Я поймал ее взгляд, и на несколько секунд мы замерли, пытаясь извлечь полезные сведения из глаз друг друга. Мне это удалось довольно плохо: кроме безыскусной мысли о том, что вижу перед собой очень привлекательную женщину, и притом отнюдь не дуру, мне не пришло на ум почти ничего. Надеюсь, и Анна не особо много во мне разглядела.

– И что ж ты даром на девичью красу пялишься? – в голосе ее, как коньячное послевкусие, отдалась бархатная хрипотца. – За погляд-то деньги берут! Она засмеялась, и в черных глазах ее зазмеилась тоска.

Не знаю, как другие, а я уже через пять минут после знакомства с женщиной знал, пересплю я с ней или нет. Невидимые нити, что протягиваются между людьми, были для меня очевидны, и, глядя в глаза женщине, я безошибочно чувствовал, хочет она или нет. Конечно, я не претендую на роль Провидения и ситуации могут складываться различным образом. Но что согласие или отказ даются в первые пять минут, это факт. Но в глазах женщины, остановившейся в опасной близости, была чернота. Там не было ни отказа, ни согласия, лишь какая-то безликая неумолимость, и я вдруг со страхом вспомнил вчерашнюю Атропос со шприцем. Нет, все-таки плохо мужчины изучают тех, от кого зависит их если не жизнь, то ее качество! Мотивы, кто их разберет, эти мотивы Медеи и Каллипсо, Артемиды и Афродиты!.. А ведь один и тот же поступок может влечь за собой совсем разные следствия, чего уж говорить о такой призрачной субстанции, как мотив?

Мы еще смотрели друг на друга, каждый тщательно выискивал что-то во взгляде другого, когда я представил Анну в малахитовом уборе и все сразу встало на свои места. Я не я, и шапка не моя. Не по Сеньке, стало быть. И сани чужие, и каравай прозеван. И кокос осыпался, и крокодил не ловится. В общем, не жизнь, а пикник на обочине.

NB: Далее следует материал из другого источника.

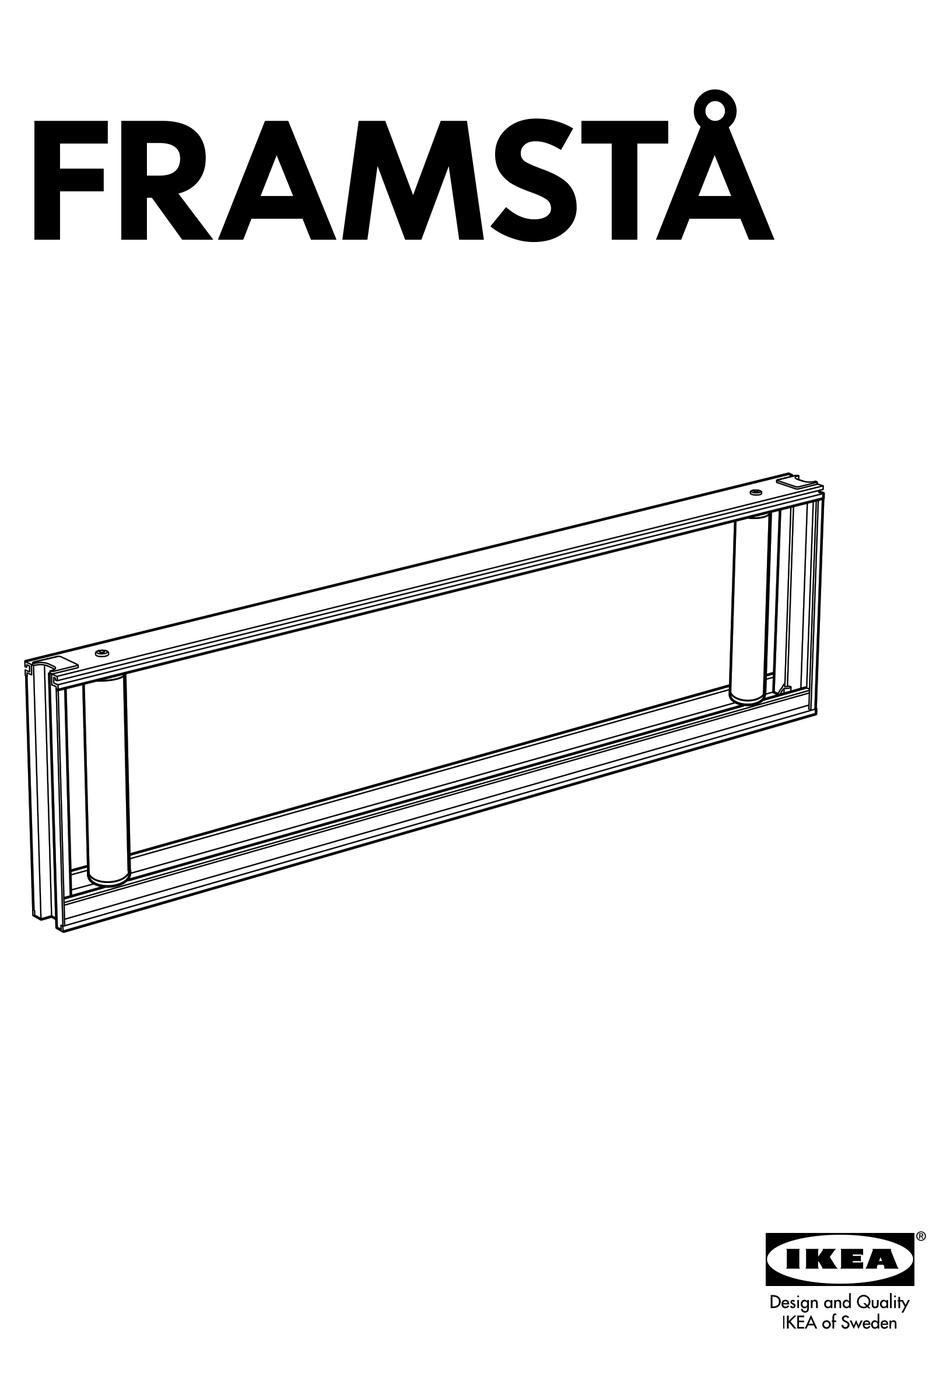 Details about   IKEA Framsta Base Unit

Анна словно прочла мои мысли.

– В жизни каждого человека, – назидательно произнесла она, отстраняясь и тыча мне в нос папиросой, – бывают такие моменты, когда ему нужно окончательно решить кто он и с кем он. Иначе жизнь выкинет его из птицы-тройки, и будет он лежать на обочине, с завистью глядя, как мимо него проносятся, словно сон роскошные экипажи.

Она поволокла меня за собой по гулкому коридору, как щука пескаря. На кухне она еще раз обернулась ко мне, и с наслаждением потушив окурок в старой консервной банке, добавила:

– Но сдается мне, что жизнь по ту сторону экипажа гораздо разнообразнее, чем в нем. Только если все время лежать на обочине и завидовать, этого решительно не понять.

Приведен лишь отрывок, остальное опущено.